On Tue, 7 Jun 2005, Alan DeKok wrote:


Dean Anderson <dean(_at_)av8(_dot_)com> wrote:
Its not credible to claim that a 10Mbs ethernet connection would be
saturated with email (as you reported)

  My machine has never had had a 10Mbs connection to the net.

Your attempts at being coy are rather unbecoming.  Please be honest. You
rported on freeradius that your machine used to have colo'd ethernet
connection. You reported on freeradius that your colo ISP asked you to
find service elsewhere because of your spam volume was saturating the
ethernet.  [BTW, that alone should tell you that it isn't "normal" spam
volume]

to a one-person domain, and that this volume not be abuse.

  You're assuming that the people buying the "100 million email" spam
CD's know it's a one-person domain.

The addresses have to find their way onto such cd's.  If you start getting
mail like you have a million subscribers, then probably something is
wrong, because that doesn't usually happen.  The cd creators would seem to
have no interest in putting fake addresses on the CD. [They would plainly
have interest in harvesting addresses, but that doesn't usually result in
thousands or millions of fake recipient addresses to a one person domain]
So either someone must have somehow fooled them into thinking you have
millions of subscribers, or perhaps _they_ have something against you. 

But you (and your "experts") are the _only_ case of a one-person domain
that I've ever heard of, that gets this much email and subsequently argues
that it was somehow "normal".

What I _suspect_ is that one of the following is the truth: 
        you were either playing with harvesting, and got burned, 
        or someone else was playing with harvesting to burn you,
        or someone used a list of open relays or proxies to mailbomb you.

What I _know_ [from your posted statistics and reported info] is that it
was not an ordinary sort of spam load, as you (and your "experts") have
claimed.  And I _know_ that some of your "experts" were either involved
with, or at least supportive of those who abused open relays.

Further, as I recall, it stopped eventually, and was intermittent.

I think your position is based on something called "willful exaggeration" 

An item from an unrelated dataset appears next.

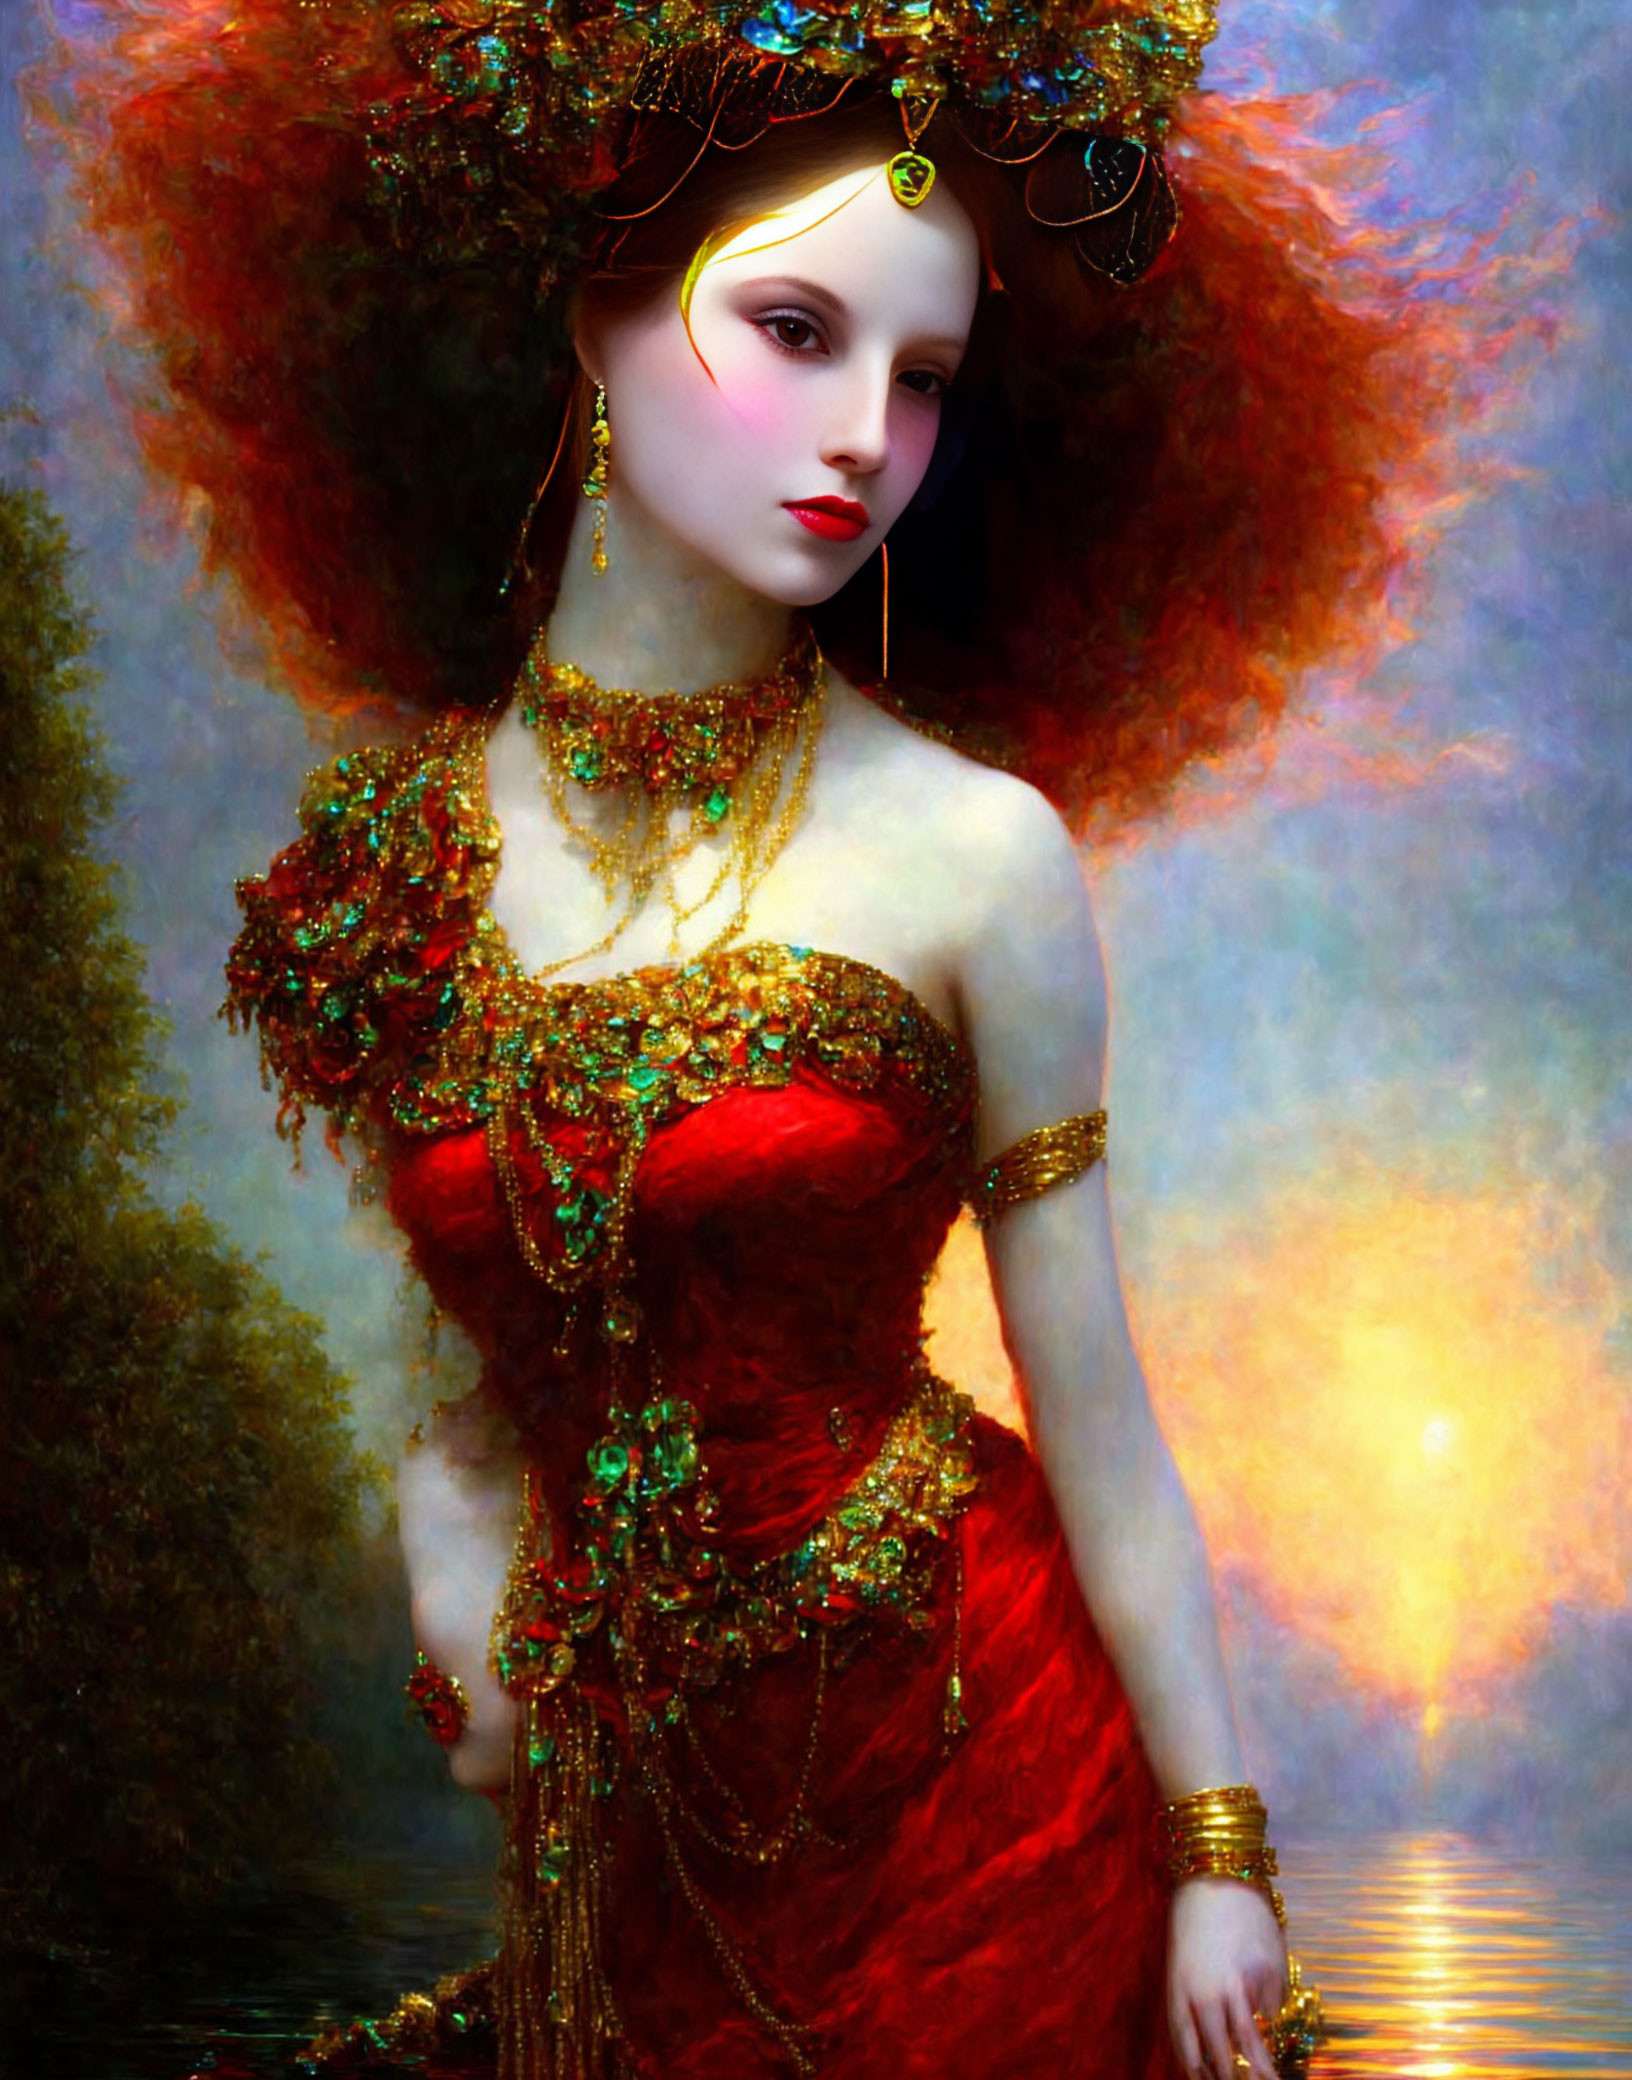 Luxurious Red and Gold Gown on Woman in Mystical Setting

  <grins>  You haven't seen the data, so I must be exaggerating.

I have some of the statistics, so yes. it is quite possible to draw
conclusions without the raw data. [that is why they call it data
reduction] Unless, of course, you lied in the statistics you reported.  
But if you want to send me the raw data, I'll still take a look... You
shared it with others, and it is all yours, so its up to you.

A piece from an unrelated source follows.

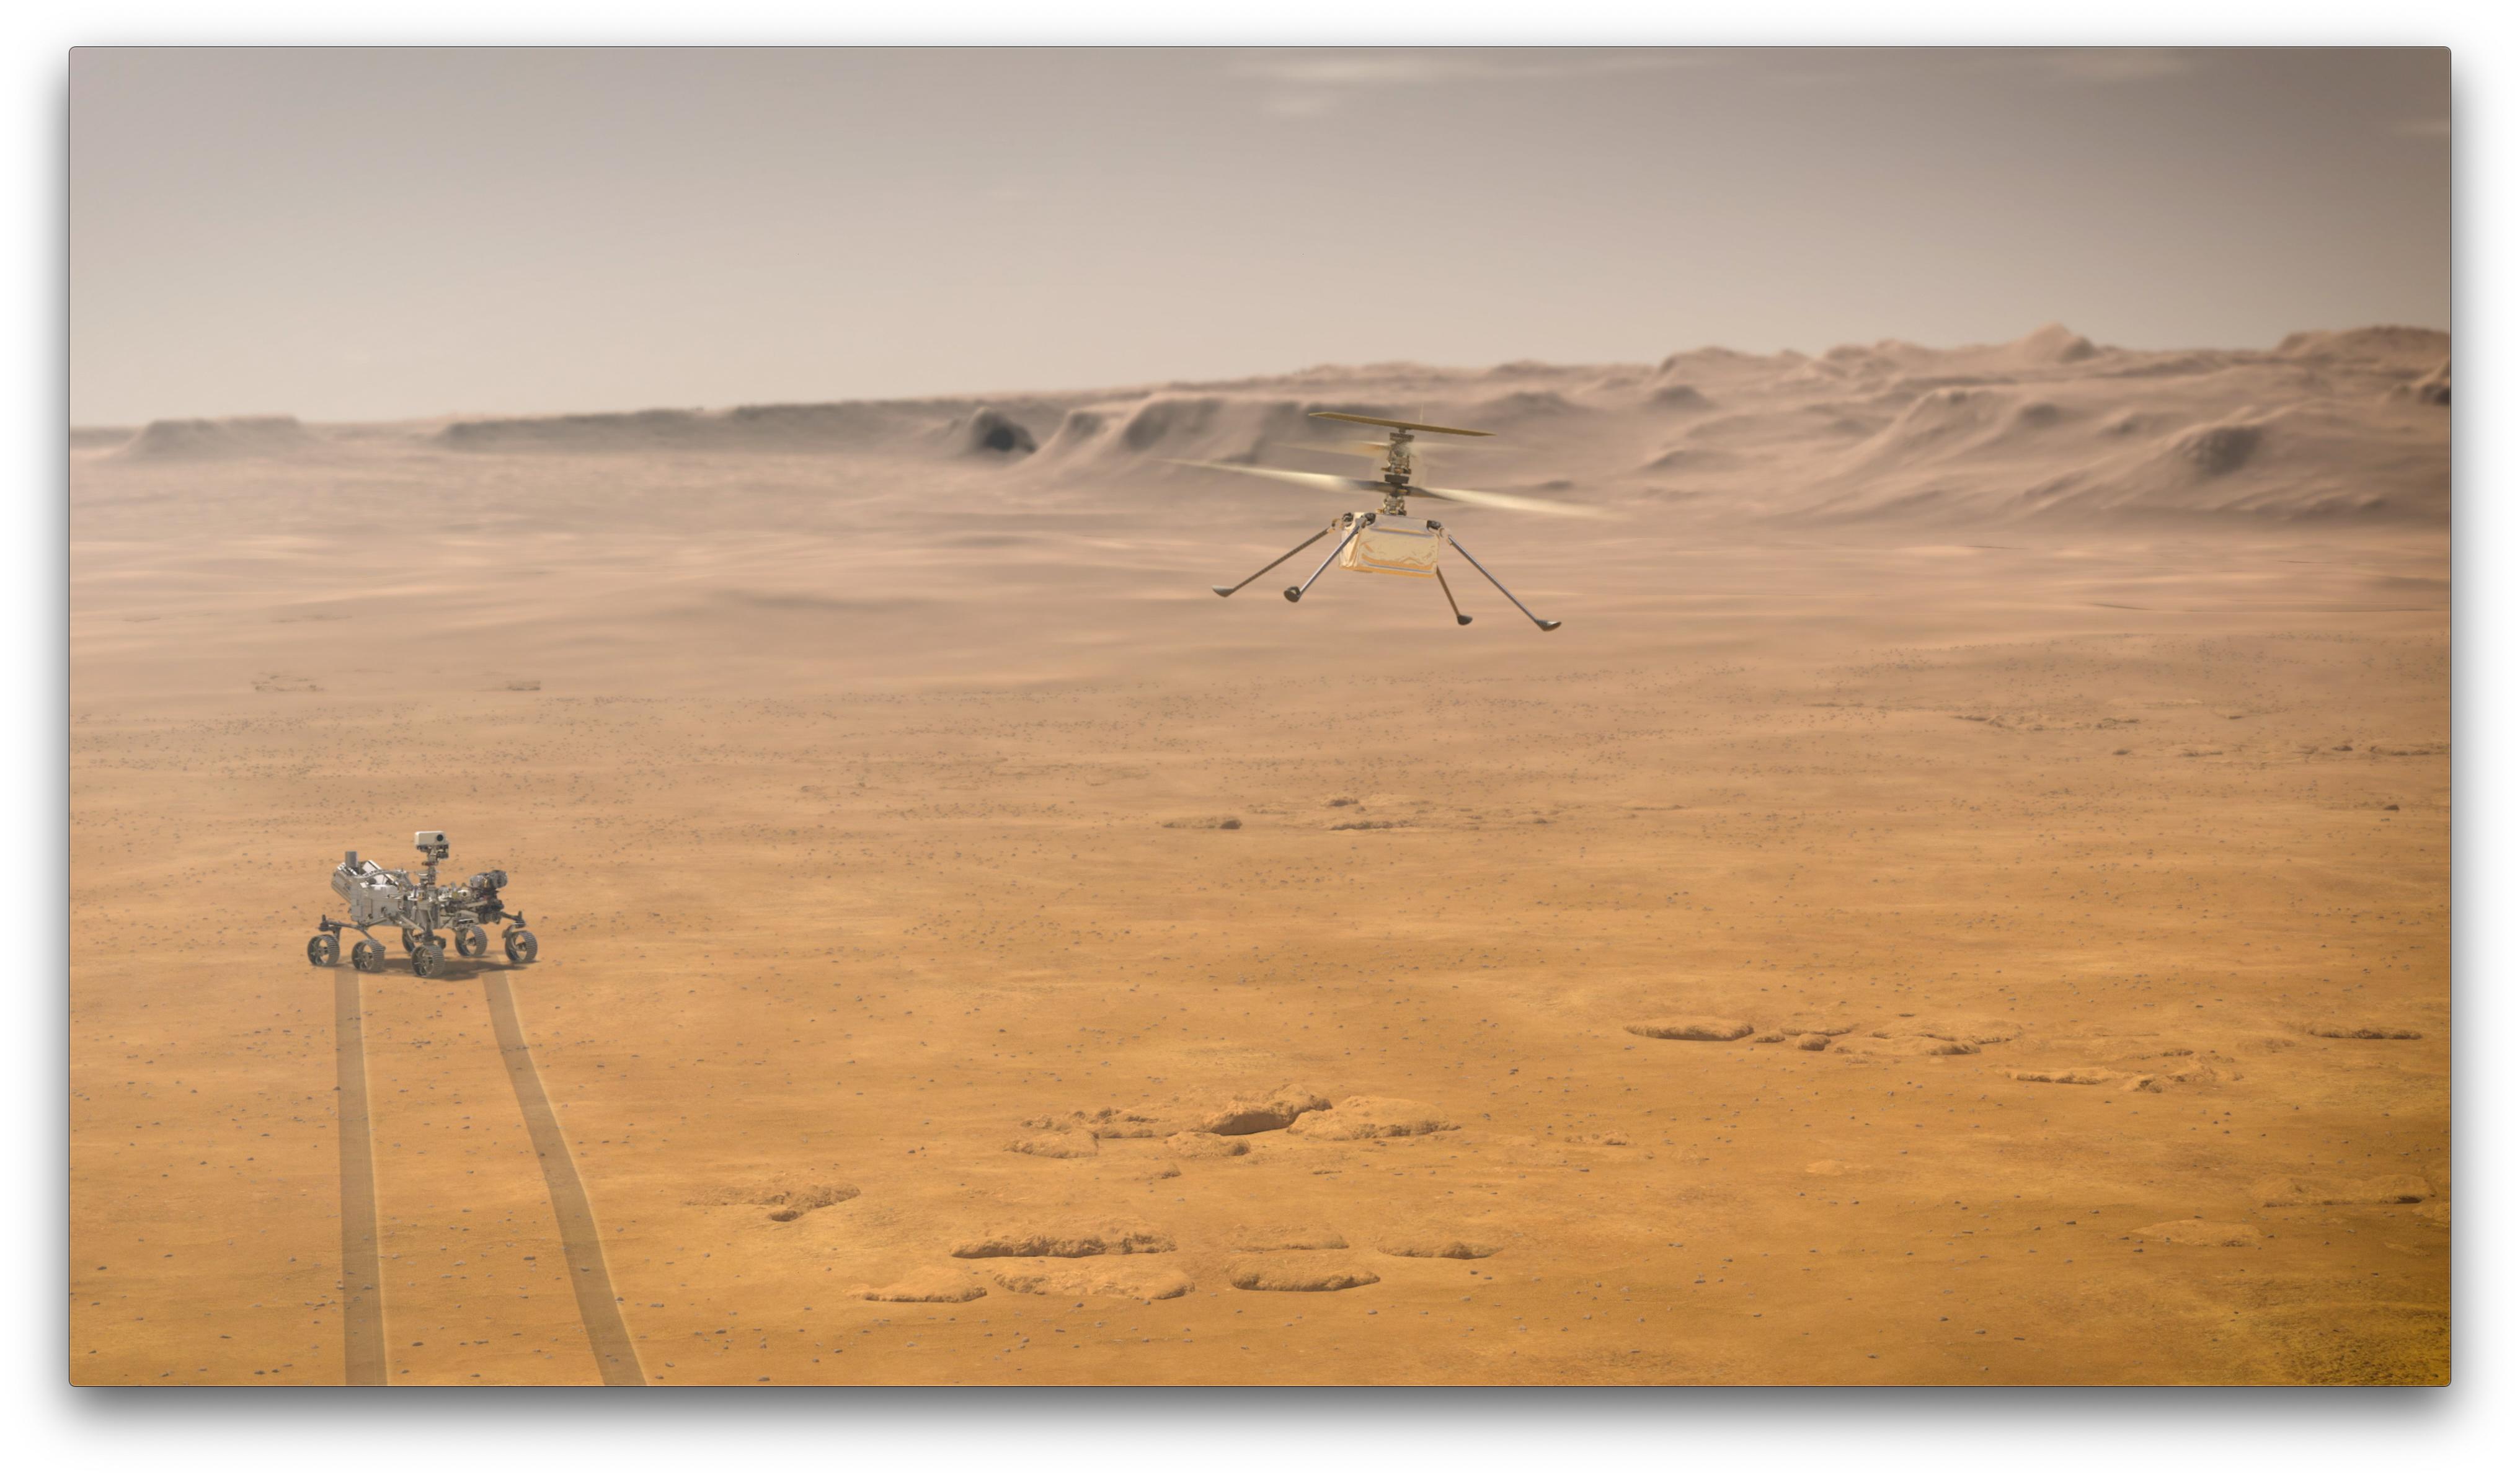 PIA23963: A Mars Rover and a Mars Flyer (Artist's Concept)

This isn't the first time for such a statisical surprise.  Operators have
previously been surprised before what can be inferred with indirect,
remote telemetry and statistics.  The distance to a star, for example.  
And no one has ever seen an atom, either.  All surprises.

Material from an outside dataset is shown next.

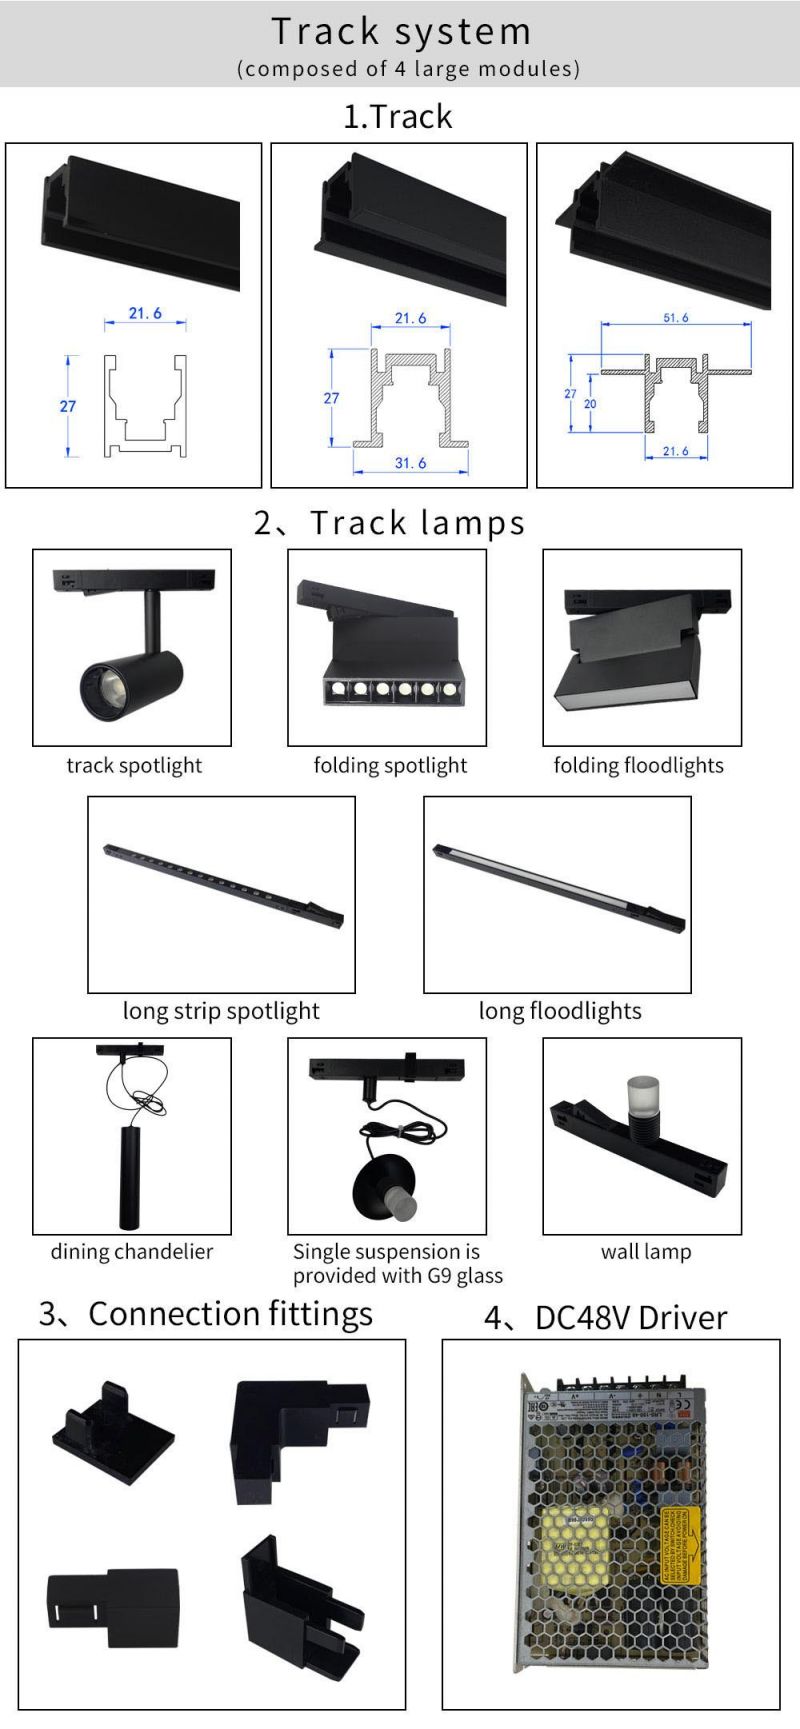 PRO Hot Sales Magnetic Track Light and Accessories for Plastic Aluminum Track Surface Hanging Recessed

Indeed, A certain network operator I know (Nathan Mehl) is _still_ stunned
about an incident that happened way back in _1994_, where I determined his
news server was overloaded by looking at the times on packets.  He had
first denied it was overloaded, and blamed the problem on our connection.
He was quite stunned when I showed him statistics on the connection and
timings on the news packets that indicated his server was overloaded. Only
then did he finally admit that it was overloaded. And others were also
complaining about their servers being overloaded.  The problem was solved
by adding additional new server.  [though he leaves that final admission
out of his recent retellings, I have most of the email from 1994, as well
as the load statistics. Tapes of home directories are indeed wonderful
devices, and properly stored, hold data for a long time.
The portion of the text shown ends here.